Published August 5, 2015 6:11PM (EDT)

  (Screenshot, Youtube)
(Screenshot, Youtube)

As the ongoing controversy over the death of Cecil the lion last month in Zimbabwe, at the hands of American dentist Walter Palmer and his party, a few things seem beyond dispute. The dentist paid somewhere around $50,000 for privilege of killing a lion. The animal was lured out of Hwange National Park using live bait. He was shot with a bow and arrow and wounded. He was finished off with a rifle some forty hours later. He was skinned and his head was removed. And when the group realized that the animal was wearing a tracking device — because he was being studied by Oxford’s Wildlife Conservation Research Unit — the group tried to remove it. Palmer's safari guide Theo Bronkhorst is currently facing charges of poaching and will go to trial in September, and Zimbabwe’s Environment Minister Oppah Muchinguri has asked that Palmer 'be held accountable for his illegal action." The U.S. Fish and Wildlife Service also wishes to speak with him about the event. But when we speak about what happened to Cecil, what do we call it? Was he hunted? Or was he, in the words of Safari Operators Association of Zimbabwe head Emmanuel Fundira, murdered?

Speaking with NBC News late Tuesday, Fundira had strong words to describe the event. "We believe that the people who are the culprits lured Cecil outside the national park by… dragging that bait to an area where he was then murdered," he said. "And I say 'murdered' because that was not hunting." SOAZ describes its membership as "most reputable hunting, photo safari and other specialized tourism service providers operating in Zimbabwe," and that "All SOAZ members must be registered and licensed in accordance with current Zimbabwean legislation, and must employ only registered and licensed professional guides, hunters and couriers." It adds that "SOAZ also strongly urges visitors to report instances of unsatisfactory service or unethical conduct." Palmer's guide Theo Bronkhorst was suspended from the organization last week.

It stands to reason that a person in charge of a safari operators association is not exactly opposed to hunting, and Fundira is clear on his support of an industry he says adds $100 million to Zimbabwe's economy each year. But, he says, "As far as we are concerned, we uphold the highest levels of ethics in terms of hunting. We only want to promote what we call a 'fair chase' when we carry out hunting."

Last week, the Washington Post questioned whether Cecil had indeed been given "fair chase," putting the debate to Marc Moffett, a philosophy professor at The University of Texas at El Paso who specializes in the ethics of hunting. Though it is not illegal to bait lions, Moffett surmises that "The dentist himself was not really engaged. He’s sort of coming into a hunt where the groundwork has been laid for him. There has been a lot of baiting. Shooting an animal over bait with an advance bow … is not necessarily a difficult thing. So there are, I think, questions about whether that was genuinely a fair chase.
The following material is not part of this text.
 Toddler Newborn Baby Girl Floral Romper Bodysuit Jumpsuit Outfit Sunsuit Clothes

He wasn’t himself doing the whole process. He wasn’t taking advantage of his skills, his knowledge of the animals and the environment, to coax this lion into a position where he could dispatch it in a careful way."
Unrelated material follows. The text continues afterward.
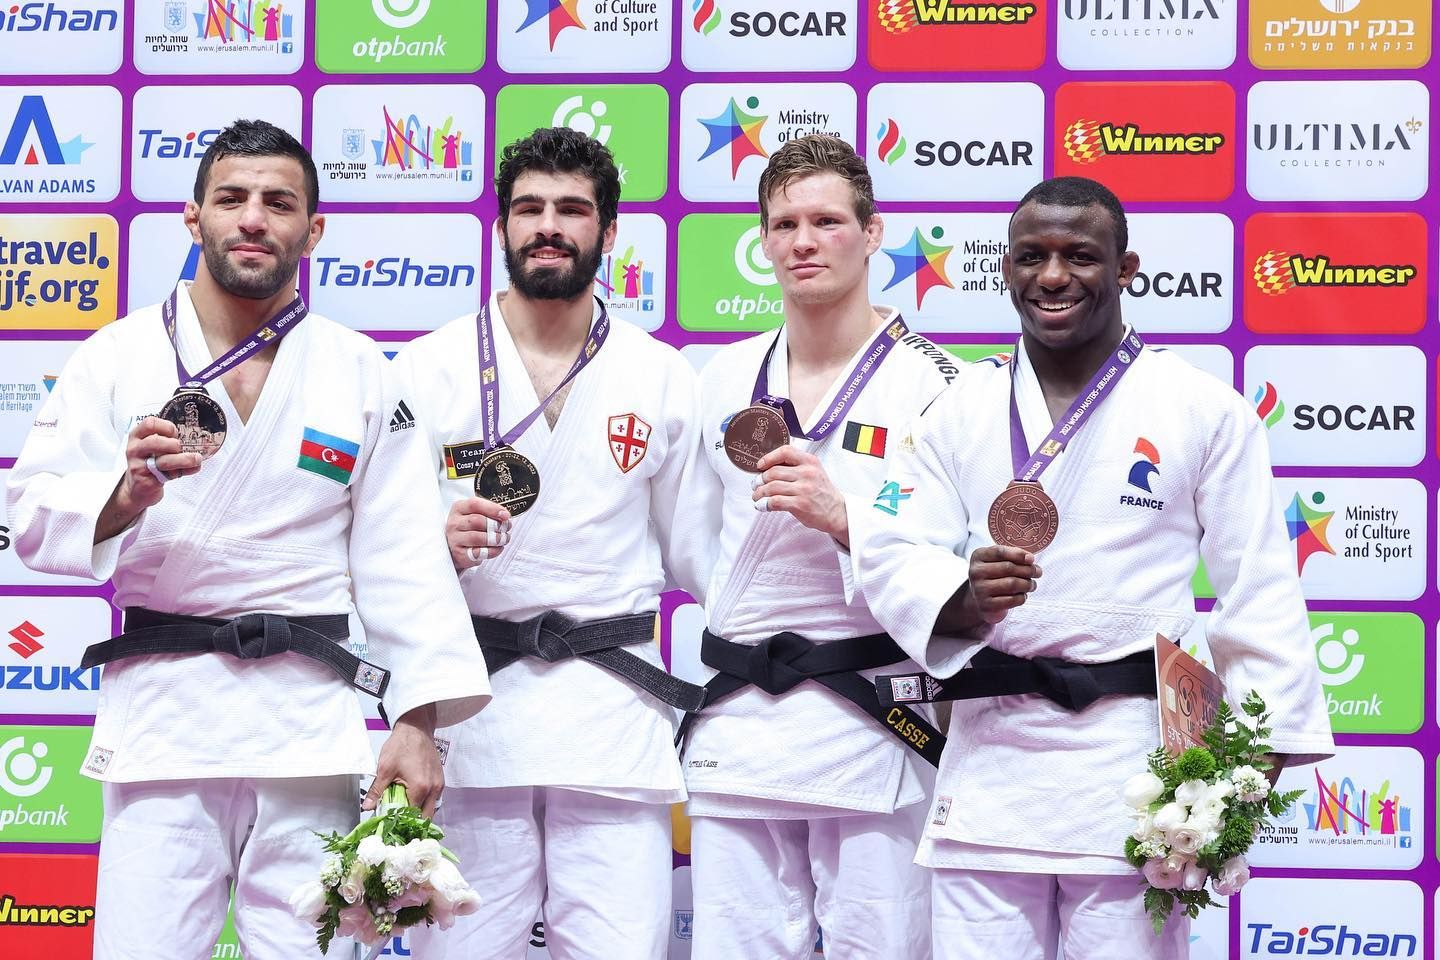 Azerbaijani judokas claims medals in Israel [PHOTO]

Yet there are those who say the death of a lion, even an ostensibly protected one like Cecil, is a good thing. Writing in the New York Times this week, doctoral student Goodwell Nzou says that "When I turned on the news and discovered that the messages were about a lion killed by an American dentist, the village boy inside me instinctively cheered: One lion fewer to menace families like mine."
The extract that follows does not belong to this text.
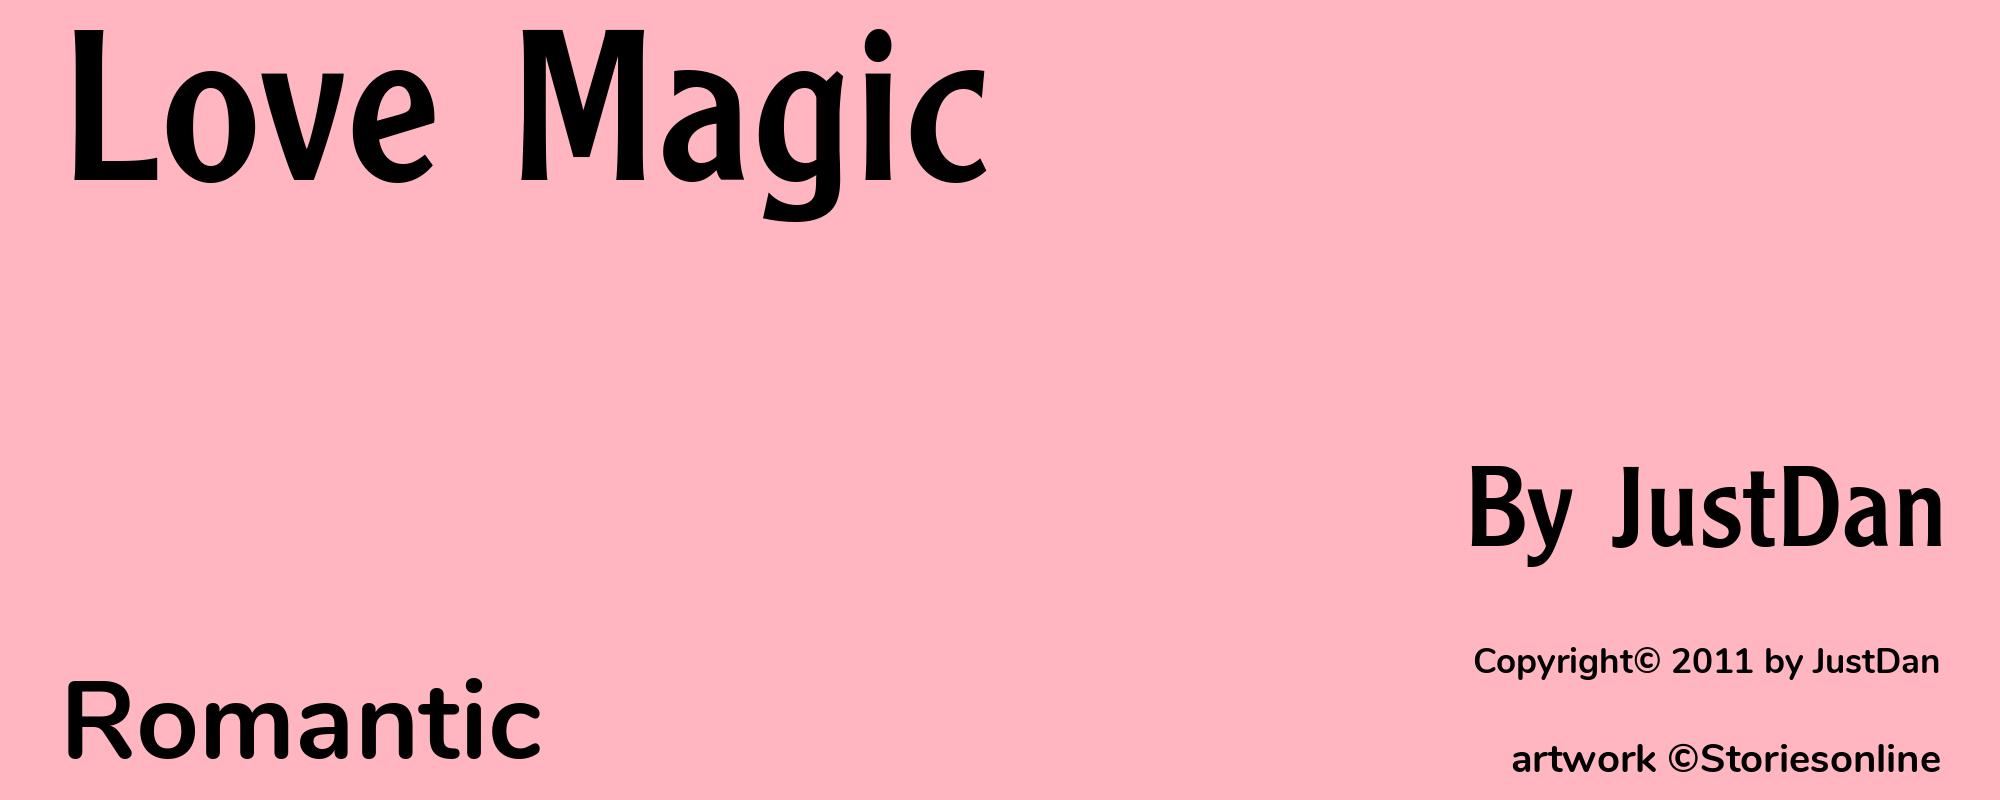 Love Magic - Cover

But the words of Fundira and Moffett are persuasive. You don't have to be opposed to hunting, or claim an understanding of a complex ecosystem and economy that are vastly different than what most of us here in the U.S. experience, to believe that what happened to Cecil was just unethical and cowardly. Was it murder? No, but it sure as hell wasn't a true hunt either. It was the casual taking of a life. It was a killing, nothing more, nothing less. Just senseless death. 


By Mary Elizabeth Williams

Mary Elizabeth Williams is a senior writer for Salon and author of "A Series of Catastrophes & Miracles."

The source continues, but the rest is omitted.